The question of validity of either of the 2 screening methods is unlikely to be answered by the existing literature because there is no criterion standard against which the 2 methods of urine screening could be verified. No previous study has determined cutoff values for mineral supplementation or correlated either of the 2 urine screening methods with the presence or absence of MBDP in a prospective design. In the absence of an accepted criterion standard, a meaningful accuracy study to report test sensitivity and specificity was not possible in our study. For the same reason, it would not have been reasonable to shift the cutoff values of the screening methods to optimize their agreement. Such a receiver operating characteristic analysis would require 1 of the 2 methods to be uplifted to the criterion standard, which is not appropriate. Therefore, we had to rely on previous studies reporting values of urinary mineral excretion in similar cohorts, which were designed to establish reference values or to correlate the values with bone mineral content or other meaningful endpoints.

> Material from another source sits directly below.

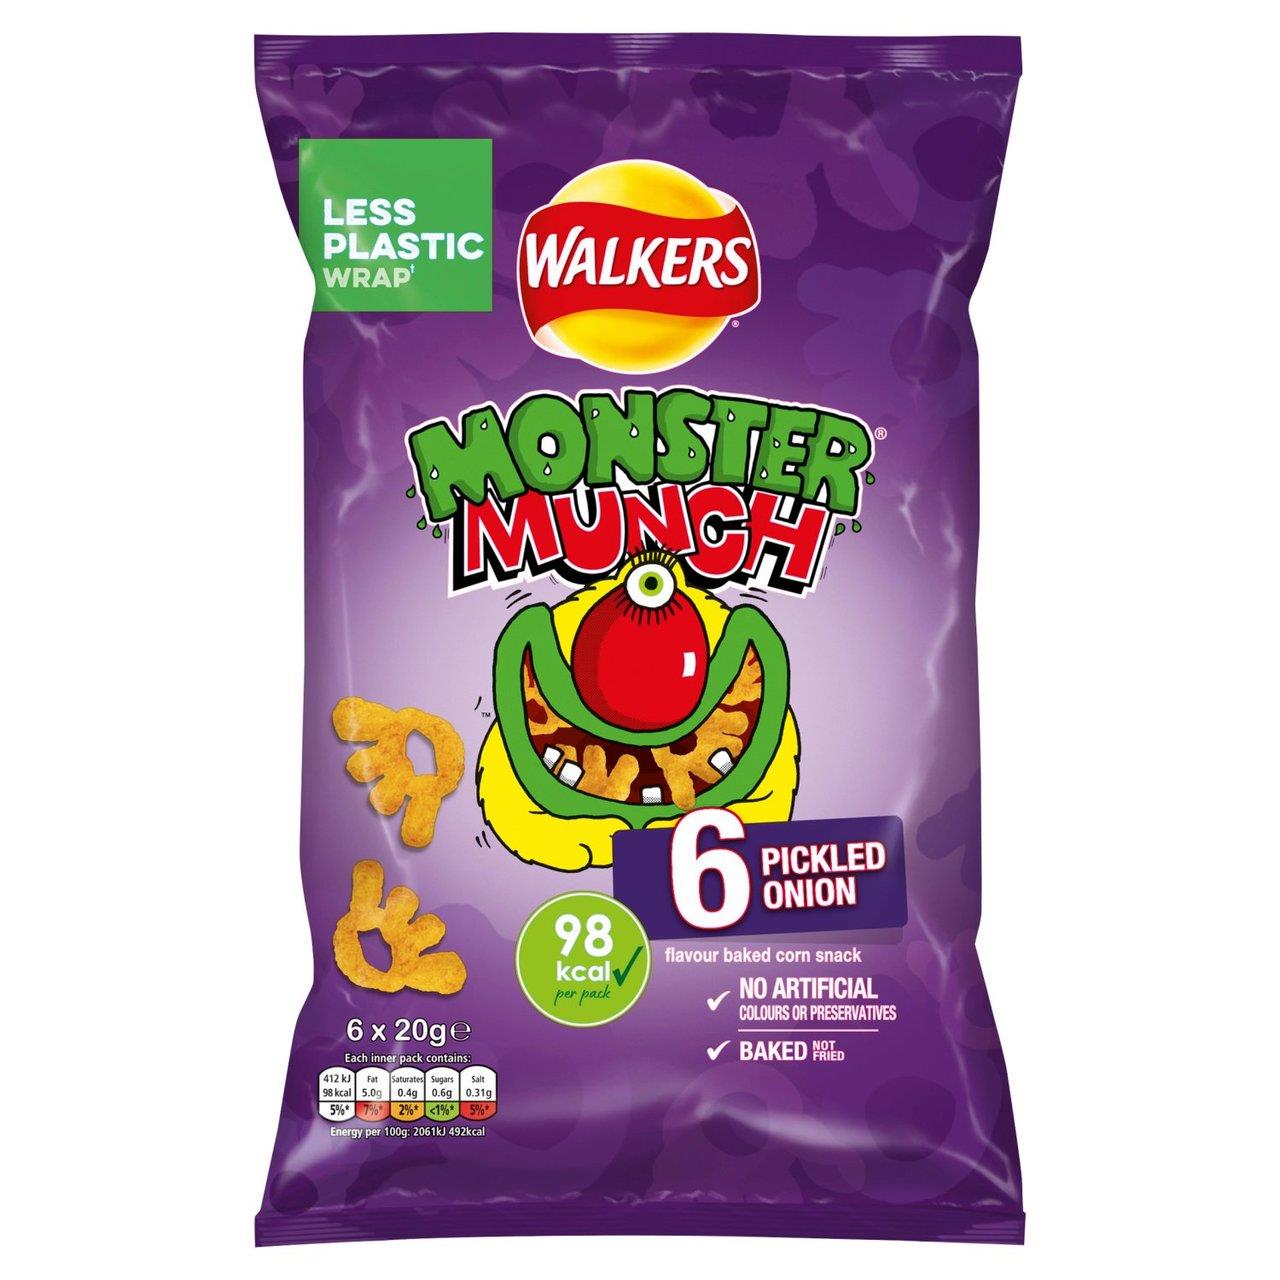 Walkers Monster Munch Pickled Onion 6 Pack 22g
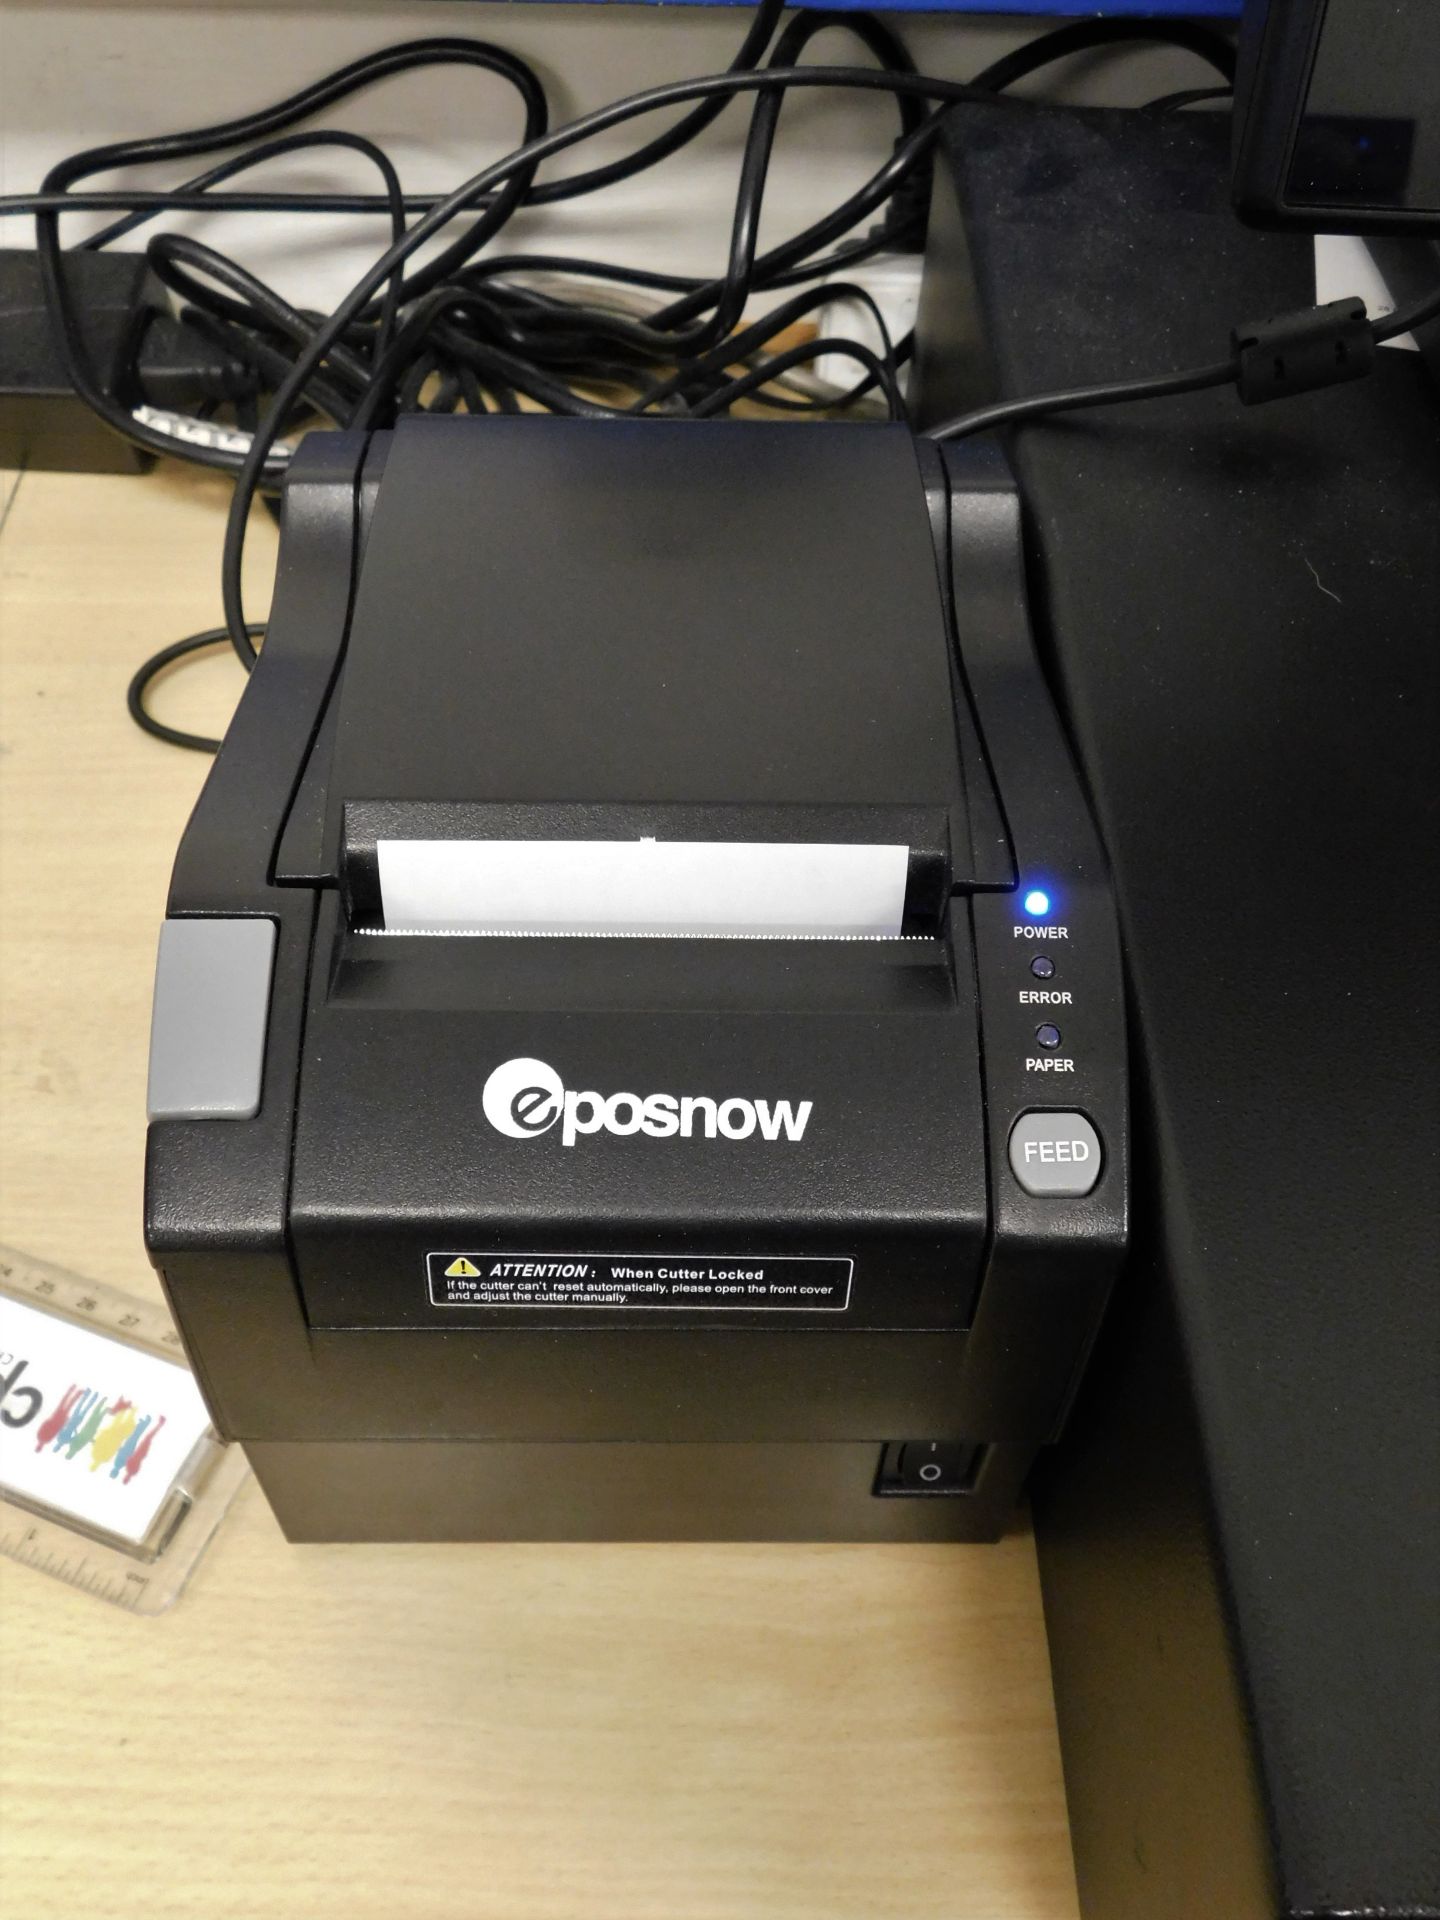 Eposnow DC24V/1A Cash Drawer & Monitor with POS80GXa Receipt Printer (Location: Finchley. Please - Image 2 of 3

The lack of an accepted criterion standard for the evaluated tests is an important limitation of our study. Future research needs to consider an alternative to the classical diagnostic accuracy paradigm. Clinical test validation, which measures associations between test results and relevant clinical outcomes, could be an answer to this difficult test evaluation situation (27). In the case of MBDP, quantitative ultrasound (tibial speed of sound) (28) or dual energy x-ray absorptiometry scans (29) have been used to diagnose and follow-up bone (de)mineralization in premature infants. By demonstrating an association between the results of either of the 2 methods of urinary screening and the endpoints in prospective studies, cutoff values for urinary mineral excretion could be established and mineral supplementation adjusted accordingly.
Our analysis did not show any relation of Ca or P excretion by either method with gestational or postnatal age. These results contrast the findings of Aladangady et al (15) of an inverse relation between Ca/Crea ratio and postnatal age (but not gestational age). The consistent weight-based P supplementation of the infants in Aladangady and colleagues’ study population may have led to a concomitantly increased uptake of serum Ca into bone, paralleling a decreasing Ca excretion with age. Therefore, the correlation could reflect postnatal treatment rather than gestational maturity and render a comparison with our study population unfeasible. Other seemingly controversial results of studies examining associations between gestational or postnatal age and different measures of renal mineral excretion (26,30) emphasize the dependence of correlations on local practices in terms of nutrition and mineral supplementation.
In conclusion, we report comparisons of urinary mineral excretion with mineral/Crea ratios with regard to Ca and P supplementation with moderate and good agreement, respectively. The present study does not allow identification of superiority of either method in recognizing premature babies requiring mineral supplements. Further research should concentrate on prospective studies to prove 1 of the 2 methods as a feasible monitoring tool, using total bone mineral content as an endpoint.